What’s important for anarchists to take note of here is that a lot of

the debate around Net Neutrality makes it seem like it pits one set of

profit-hungry companies against another. Why should we care if ISPs or

streaming services win? Let them fight each other, it doesn’t affect us.

But the reality is much more dire. Since the major broadband providers

effectively run what amounts to oligopoly control over our access to

information, they have much more direct ability to filter, throttle, and

ban outright content which they deem unacceptable or unprofitable. So,

yeah, it’s about Netflix and Youtube. But it’s also about access to

radical or anarchist content from CrimethInc. or IGD. In addition to

shaping traffic, the repeal enables your provider to actually block

content altogether. This puts our ability to create our own radical

subjectivities under an even greater threat than before.

Radical Alternatives

Regulatory control by the centralized federal agencies backed by state

force is certainly no ideal to strive for, but (as is so often the case)

the state has set itself up to play the role of savior. In that role it

was holding back the forces of unmitigated private extraction of the

information landscape. But could things have been different? As

anarchists, could we have helped to shape the landscape itself in a more

decentralized, autonomous manner? Can we still? Instead of corporations

held back by state force, what would a non-corporate alternative to

Internet provision look like?

There are some radical alternatives that challenge corporate hegemonic

control over Internet provision at a very basic level. Exciting examples

of community-based approaches are taking shape in hacker spaces from

Oakland to New York in the form of mesh networks. The idea is simple:

instead of relying on the existing physical infrastructure built out by

the large telecommunications companies, we can build our own

infrastructure. We can take our home wifi routers, and program them to

talk to each other, to provide access to one another. This horizontal

communication stands in stark contrast to the usual usage of these

devices, which is mainly to facilitate access vertically, directly to

the ISP uplink. In this way, we can build an net that is created and

controlled by us. Pirate packets, jumping through the air.
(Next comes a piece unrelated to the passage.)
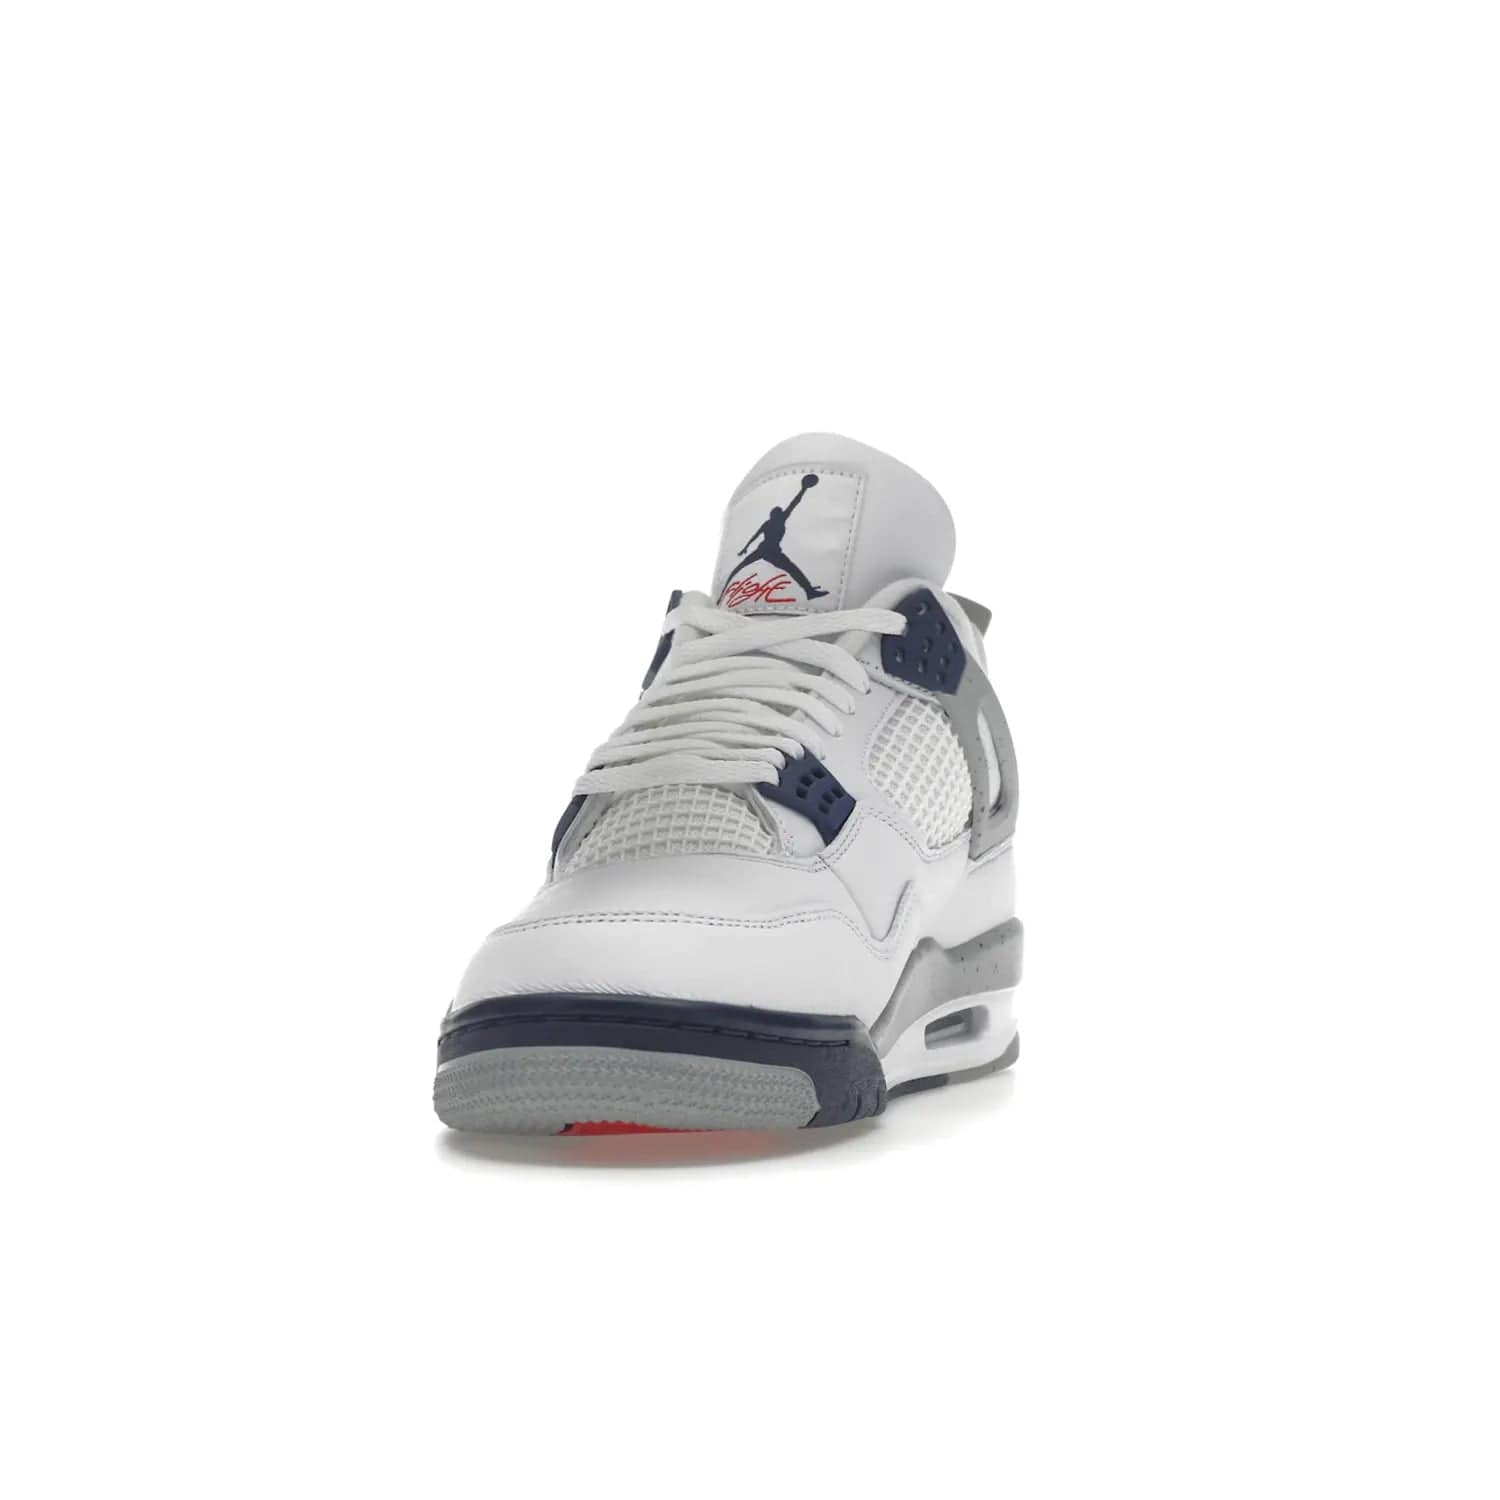 Jordan 4 Retro Midnight Navy - Image 12 - Only at www.BallersClubKickz.com - Shop the Air Jordan Retro 4 White Midnight Navy. Stand out with a classic white leather upper, black support wings, midnight navy eyelets, and Crimson Jumpman tongue tag. Unbeatable comfort with two-tone polyurethane midsole with encapsulated Air technology. Get yours before October 29th, 2022.
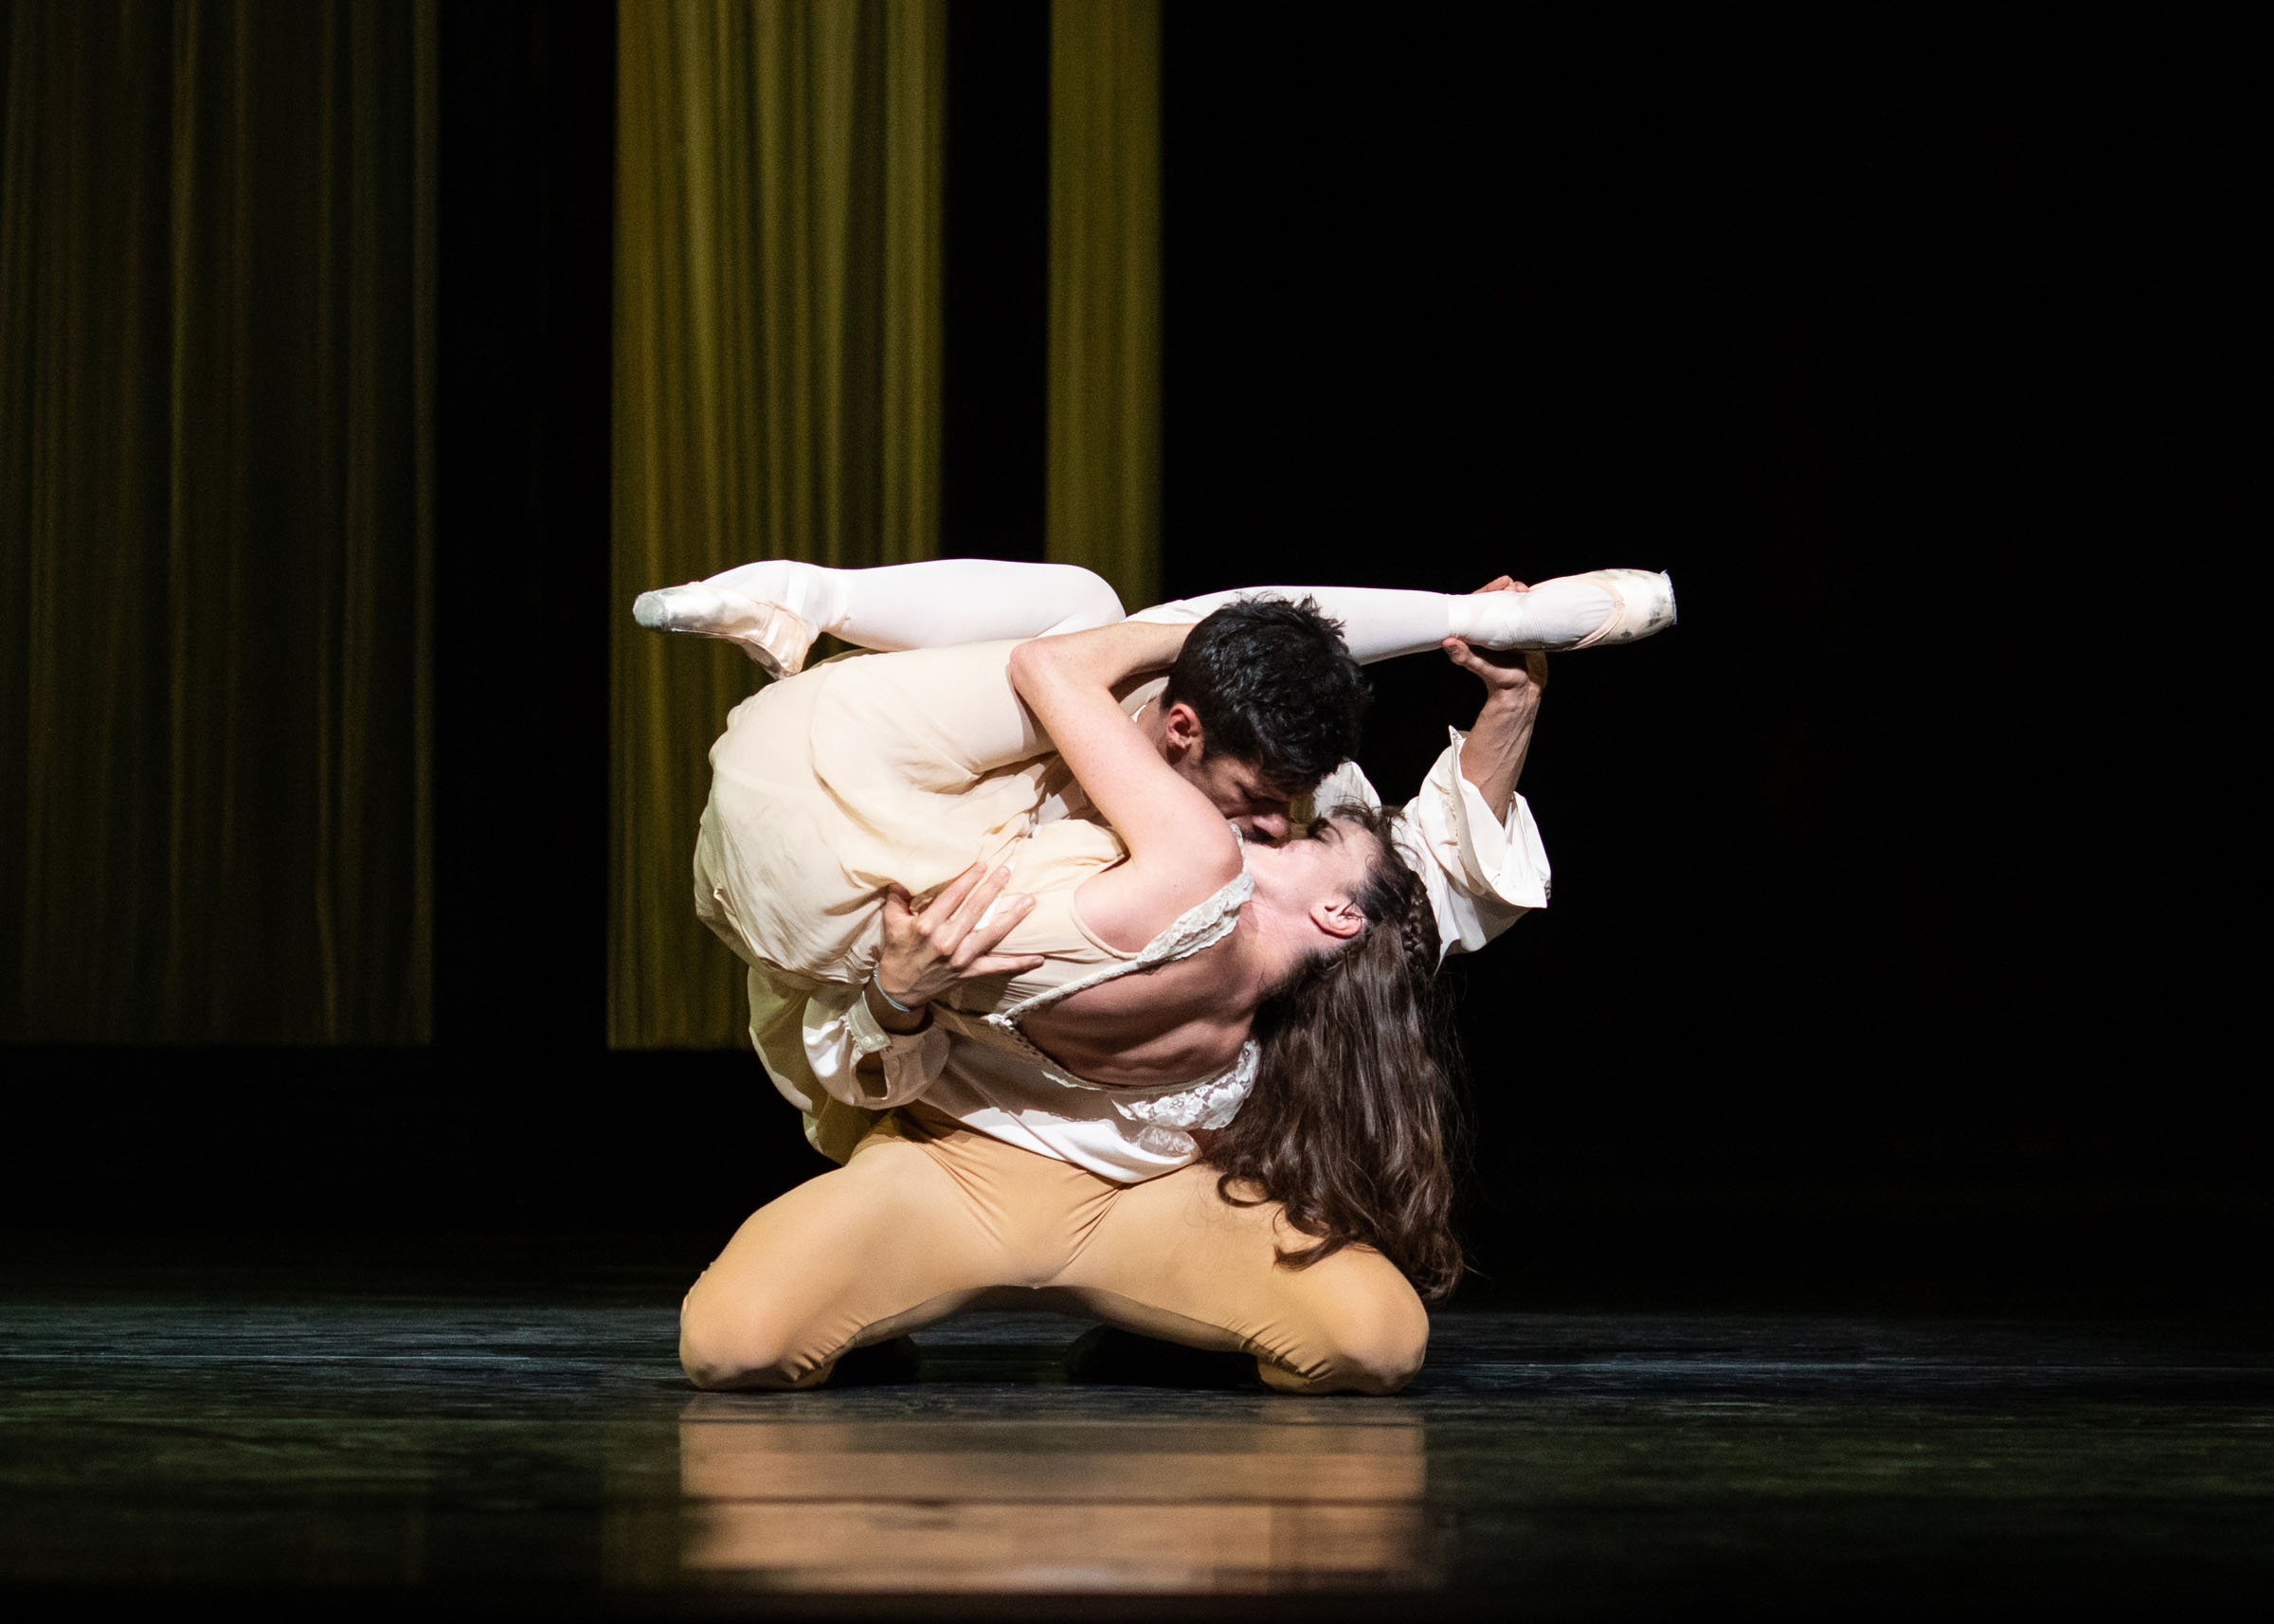 Lauren Cuthbertson and Thiago Soares in Mayerling at the Royal Opera House

The benefit for us is clear, and this is a fundamental, structural

challenge to the current state and corporate control flows. So our

challenge is twofold, both short-term and long-term. First, we must stop

the immediate, existential threat that we face with the repeal of the

most basic Net Neutrality protections, which threaten to silence our

voices. Second, we must build a structural alternative to the current

Internet, an other network, one where our voices can not be silenced by

a mere regulatory shift because no one else controls it but the

communities that comprise it themselves. A small example of this is the

mesh networks that exist today, which are fledgling but precious

examples of the prefiguration of power we wish to see.